◆ Recorded information ◆
....................

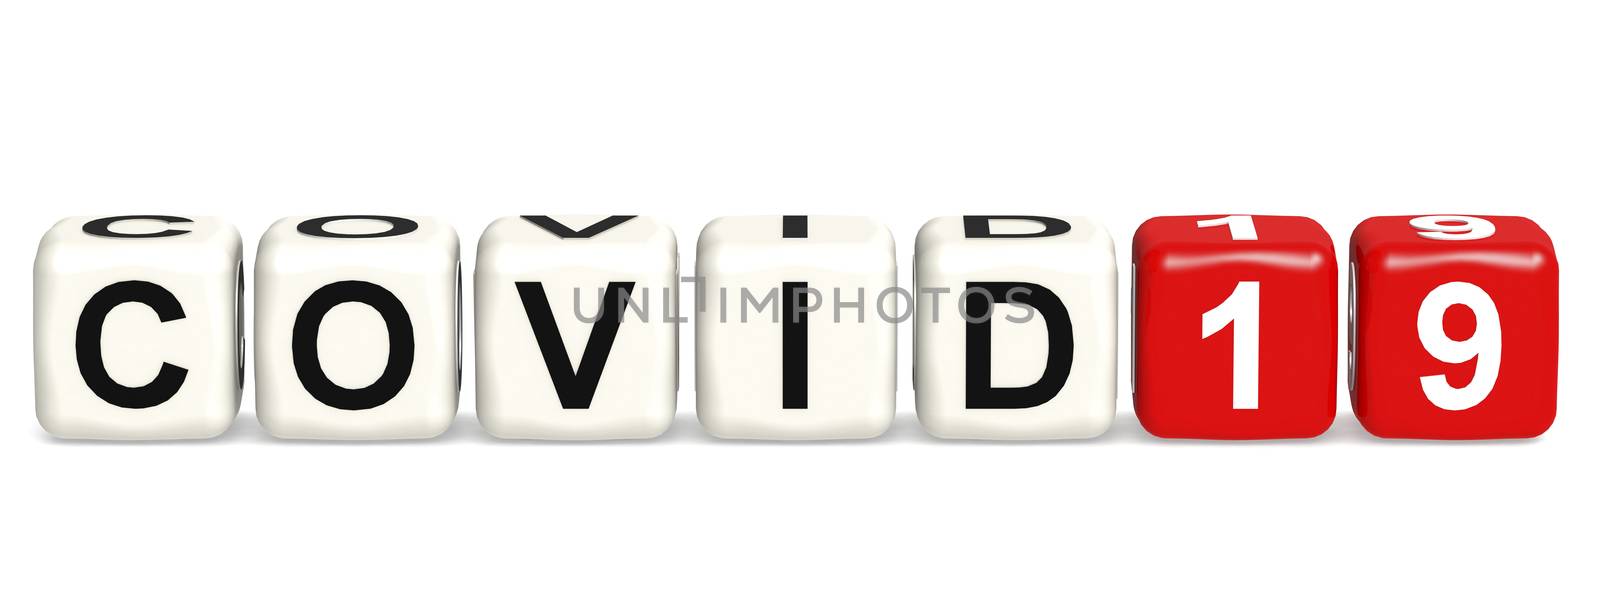 Covid19 word concept on cube block isolated, 3d rendering
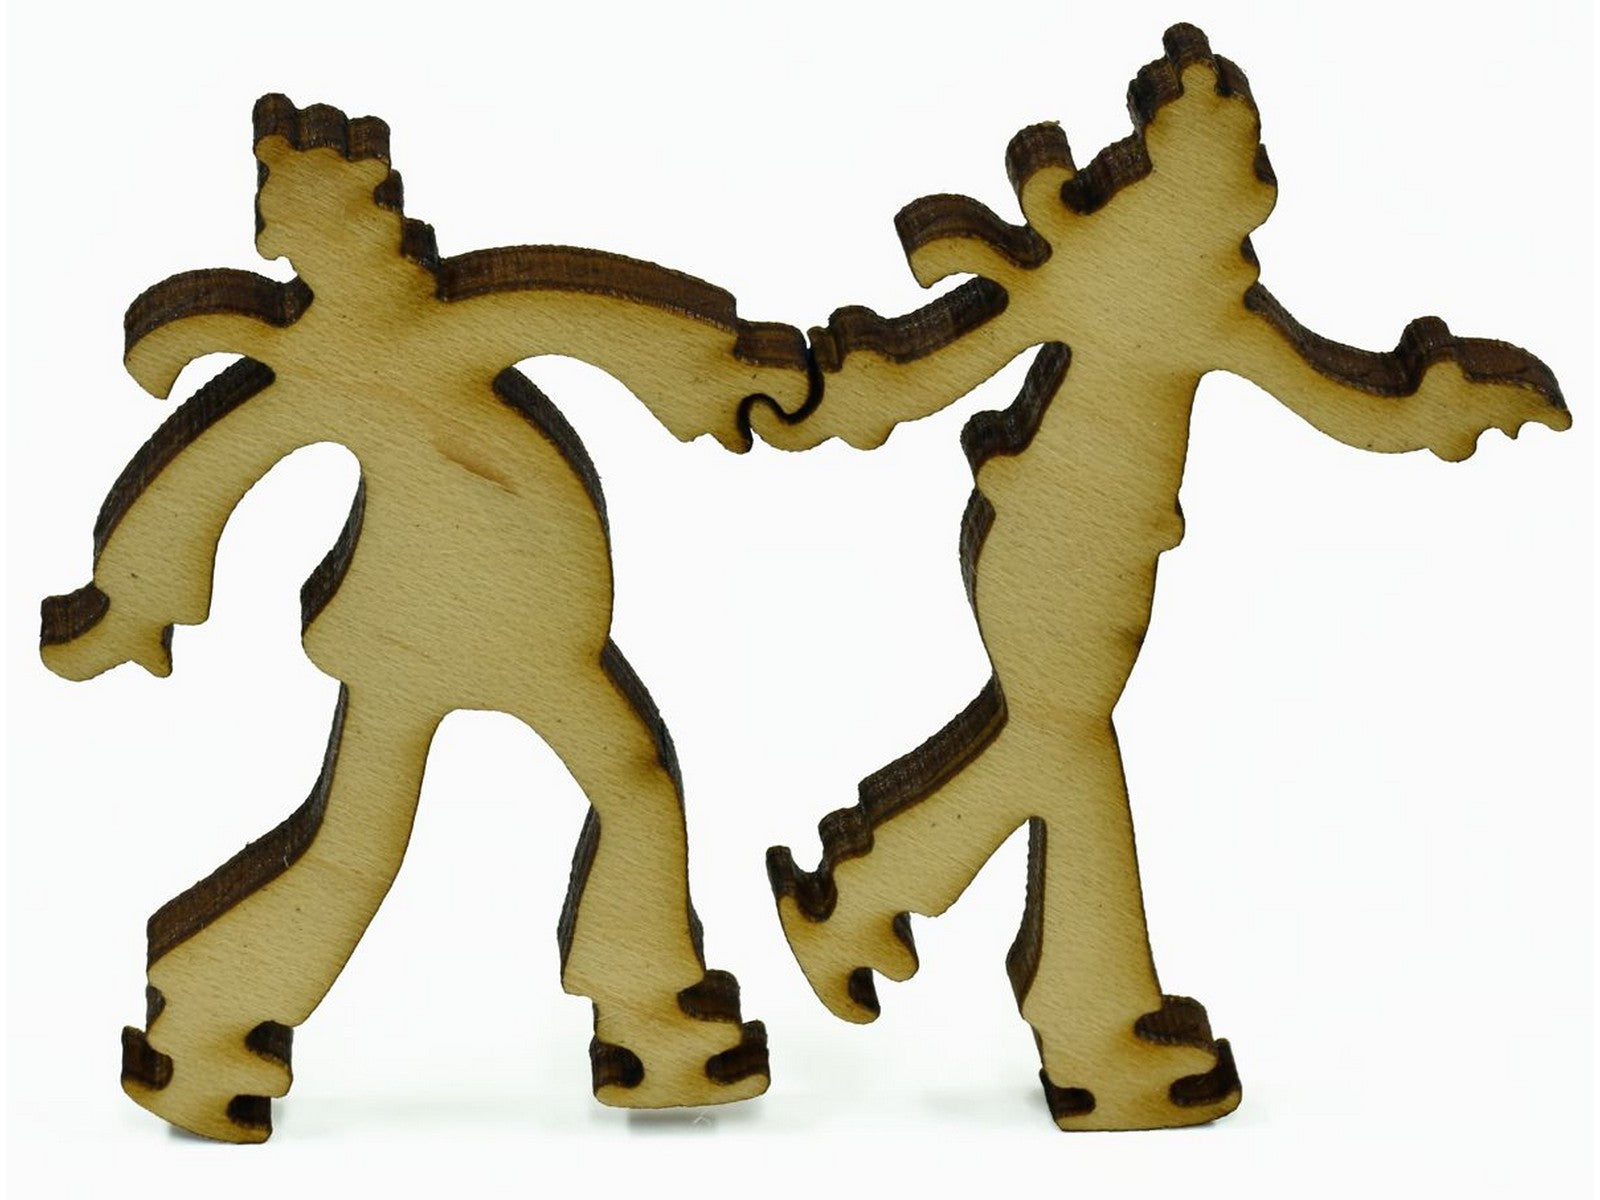 A closeup of pieces showing two people skating.
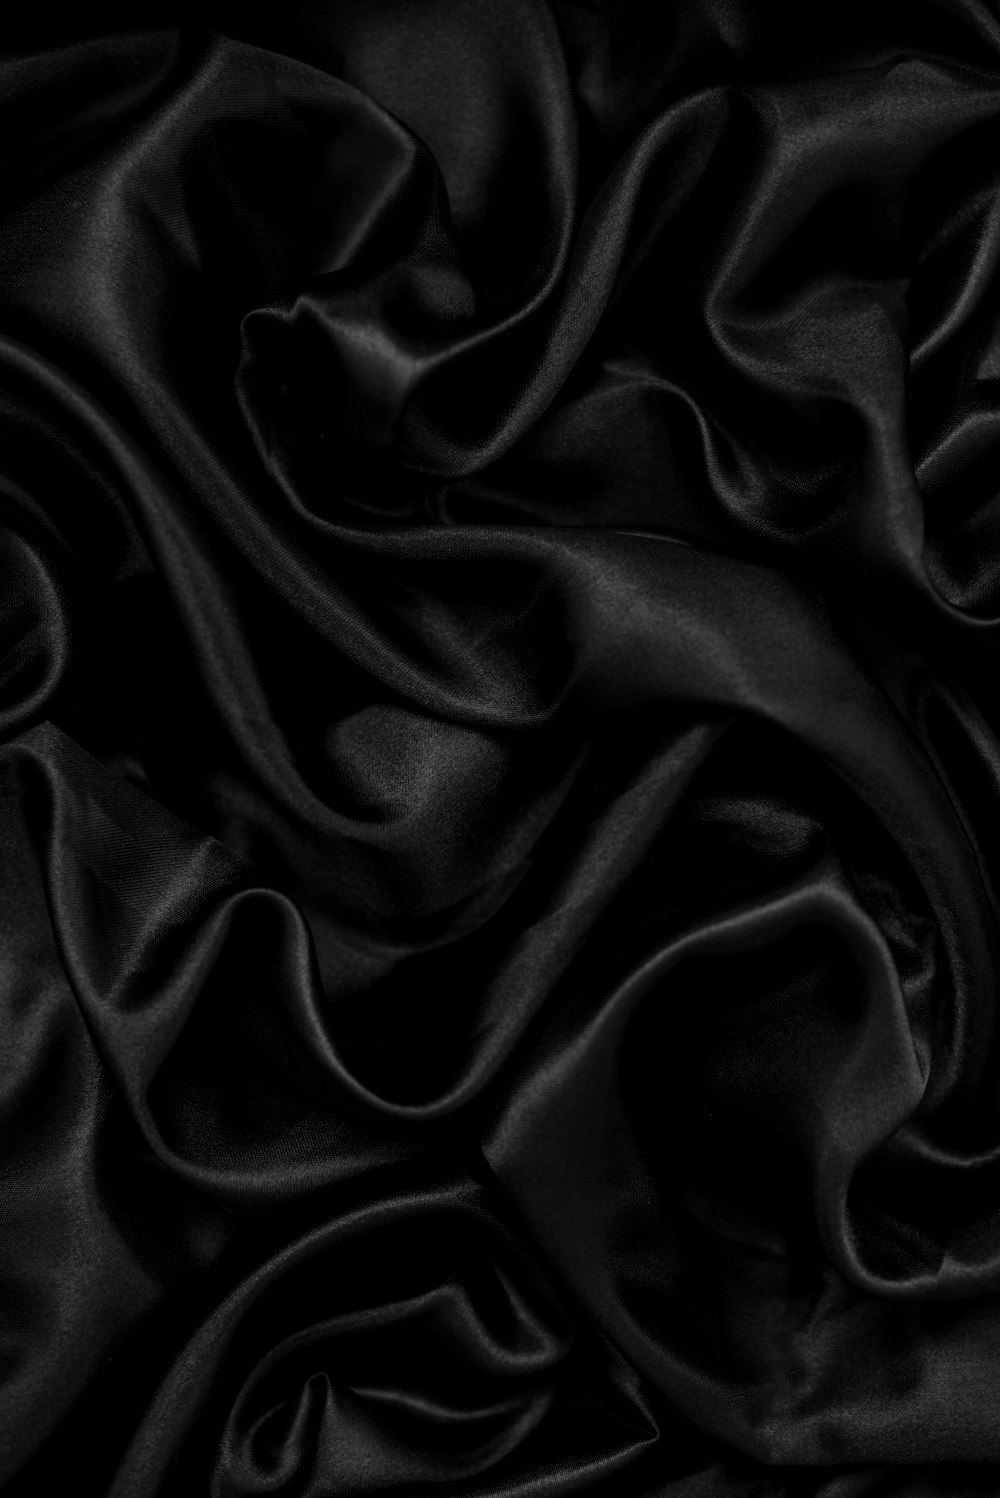 Black Fabric Pictures  Download Free Images on Unsplash

....................

◆ Exercise directions ◆
Restate the entire listing word for word, excluding pictures.

◆ Answer to the problem ◆
 Covid19 word concept on cube block isolated, 3d rendering
 A closeup of pieces showing two people skating.
 Black Fabric Pictures  Download Free Images on Unsplash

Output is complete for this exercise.